You could use Rscript to create a "deciles" program like this:

#!/usr/bin/env Rscript
input<-file('stdin', 'r')
X=scan(input,quiet=TRUE)
myprobs=seq(0.1,0.9,by=0.1)
dX=quantile(X,probs=myprobs)
for(n in 1:9){cat(sprintf("%.3f ",dX[n]))}
cat(sprintf("\n"))

...which you could use to extend an old-fashioned shell script like this:

#!/bin/bash
TIMIT=/plab/timit1
for phone in "a" "iy" "eh"
do
    echo -n "$phone "
    val=" $phone$"
    cat $TIMIT/phones/*.phn | egrep $val |
	gawk '{printf("%f\n",($2-$1)/16000)}' | deciles
done

which produces this output:

a 0.078 0.091 0.101 0.109 0.117 0.127 0.138 0.151 0.171 
iy 0.054 0.063 0.070 0.076 0.083 0.090 0.099 0.112 0.133 
eh 0.055 0.065 0.072 0.078 0.085 0.092 0.101 0.112 0.131 

Or again you could use some other language(s) of your choice -- but in any case you need to extend it to cover all 61 phone types, in order to make a table of duration deciles (quantiles 0.1 to 0.9) for all the phones. (This should be a table with 61 rows and 10 columns...)

Task 2

There are 9663 instances of ARPABET "iy" (= IPA [i]) in this dataset.
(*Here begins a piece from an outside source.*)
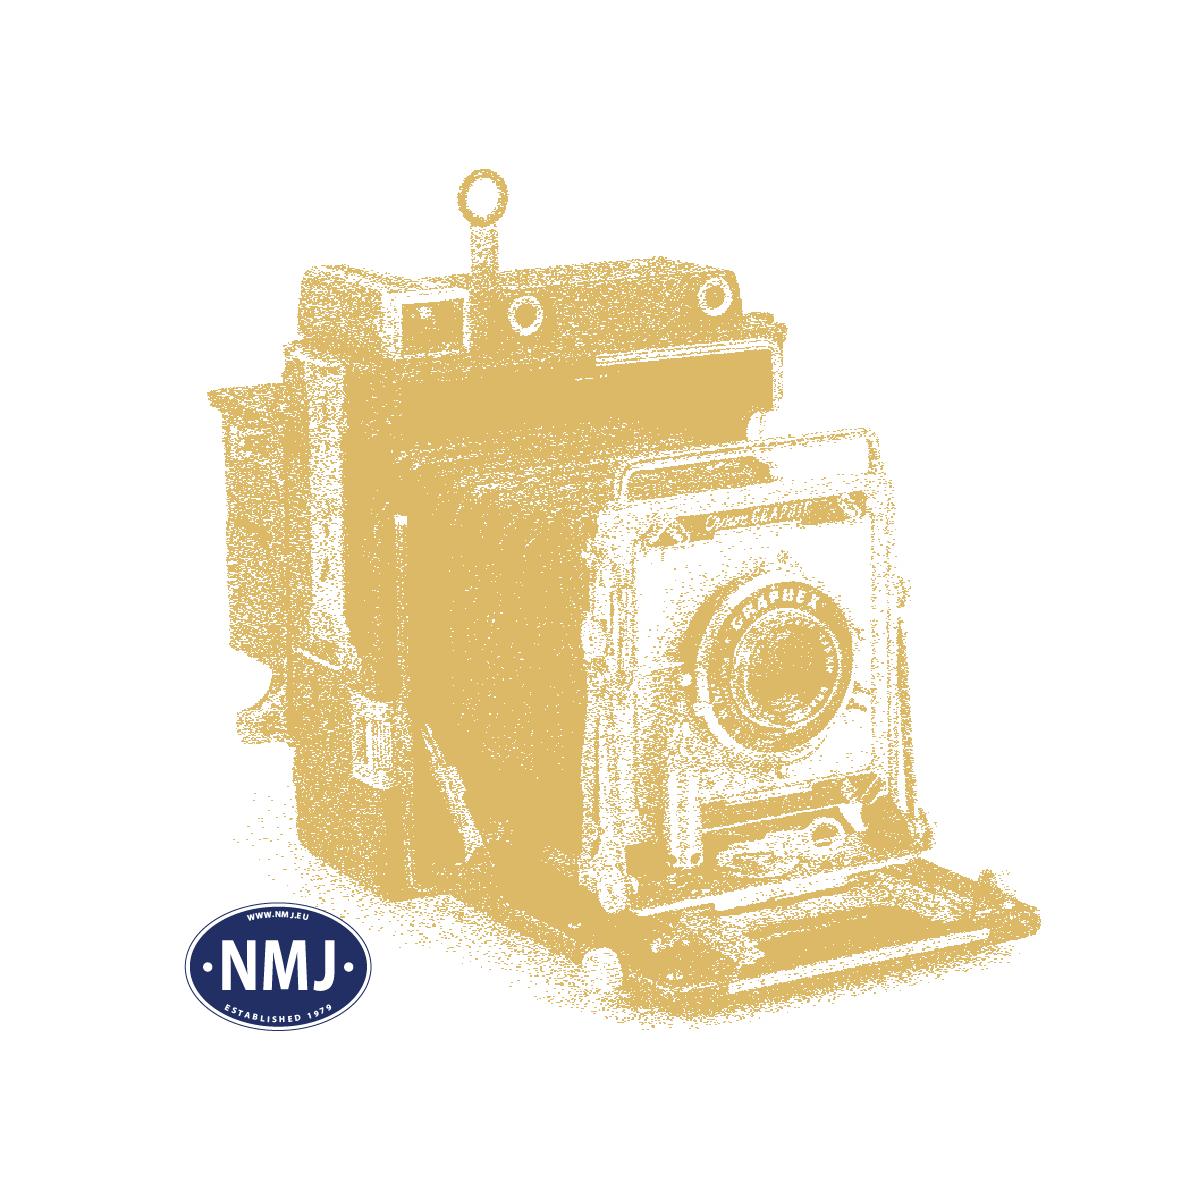 ROC10820 - Z21 Digitalsentral

Some of them are in word-medial syllables, like the first syllable of "peanut", while others are in word-final syllables, like the second syllable of "protein". Word position is one of many factors influencing the duration of phones -- others include phonetic context, stress, and phrasal position. There are also effects of individual speakers or speaker features such as age or dialect, effects of speaking style and context, etc. Researchers often want to investigate the effect of various combinations of such factors -- but given the layout of a dataset like TIMIT, even simple interactions can be difficult to explore.

To illustrate this point, your next task is to figure out how to divide the 9663 "iy" segments according to word position: specifically, final-syllable or non-final-syllable. This is tricky, because the phone and word segments are listed in separate tables that are connected only by their time spans; and syllable segmentation is not available, so either you need to impose it, or rely on some hack like "is this the last vowel segment in a word" (which itself is not all that easy to calculate).

To make it even harder, think about running a parser on the sentences involved -- say spacy -- and integrating the resulting information (parts of speech, boundaries of various phrase types as well s words, etc.) into the process.

Then contemplate (or actually figure out) what would be involved in adding information about phrasal position, part-of-speech, stress, speaker age, etc. Relevant additional information can be found in doc/spkrinfor.tbl, doc/spkrsent.tbl, doc/tiitdic.tbl.

Task 3

Now re-do tasks 1 and 2 starting from the files in the (Praat) TextGrid directory (and without using any results from those earlier tasks).

Have fun, perhaps by imaging what tortures await the inventors of the TextGrid format in the afterlife...

Task 4

What sort of data model and data management system would make tasks like these easy? Optionally, take a look at EMU-SDMS and think about what would be involved in using it for such things.